Manual Contextualization Avoided with Metadata
Imagine operators having data values for which they can get complete contextual information such as status, engineering unit, location in the plant, description, and scale etc. to make sense of the data quickly and correctly to run the plant better. Not just from one, but from all plant subsystems.
Imagine system integration without having to manually configure data type, engineering unit, plant location, description, and scale. And without configuring logic to determine status. For every single piece of information. This makes it easier, faster, and lower cost to deploy new software apps to solve plant problems. Engineers love a challenge, a problem to solve, but it should be the big plant problems, not manual data contextualization.

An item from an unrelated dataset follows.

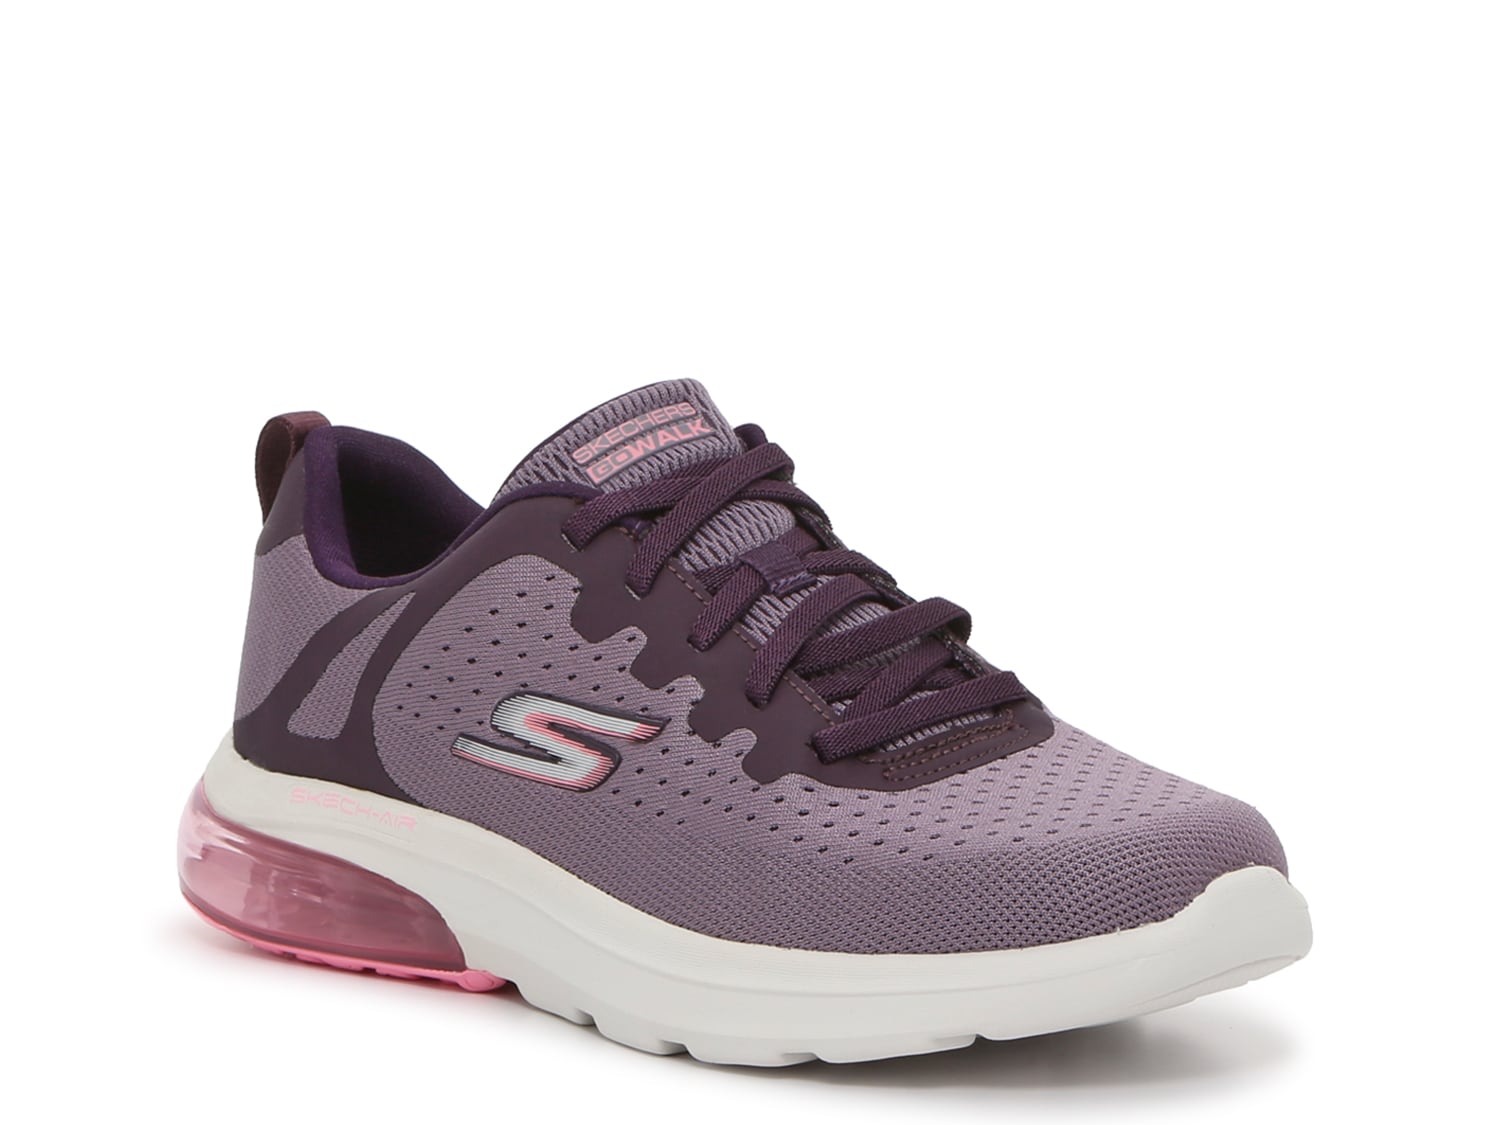 Skechers GO Walk Air 2.0 Classy Summer Sneaker - Women's - Free Shipping |

Imagine future user-interface to software including industrial AI apps where you can ask natural language questions or give instructions including focusing details and aspects like plant location, timeframe, description, or status. And get natural language answers that includes explanatory details like engineering unit, plant location, timeframe, description, and status – numerically and graphically on a scale. And, automatically converted to the engineering unit you asked for. This requires a contextual industrial data fabric you should start building today.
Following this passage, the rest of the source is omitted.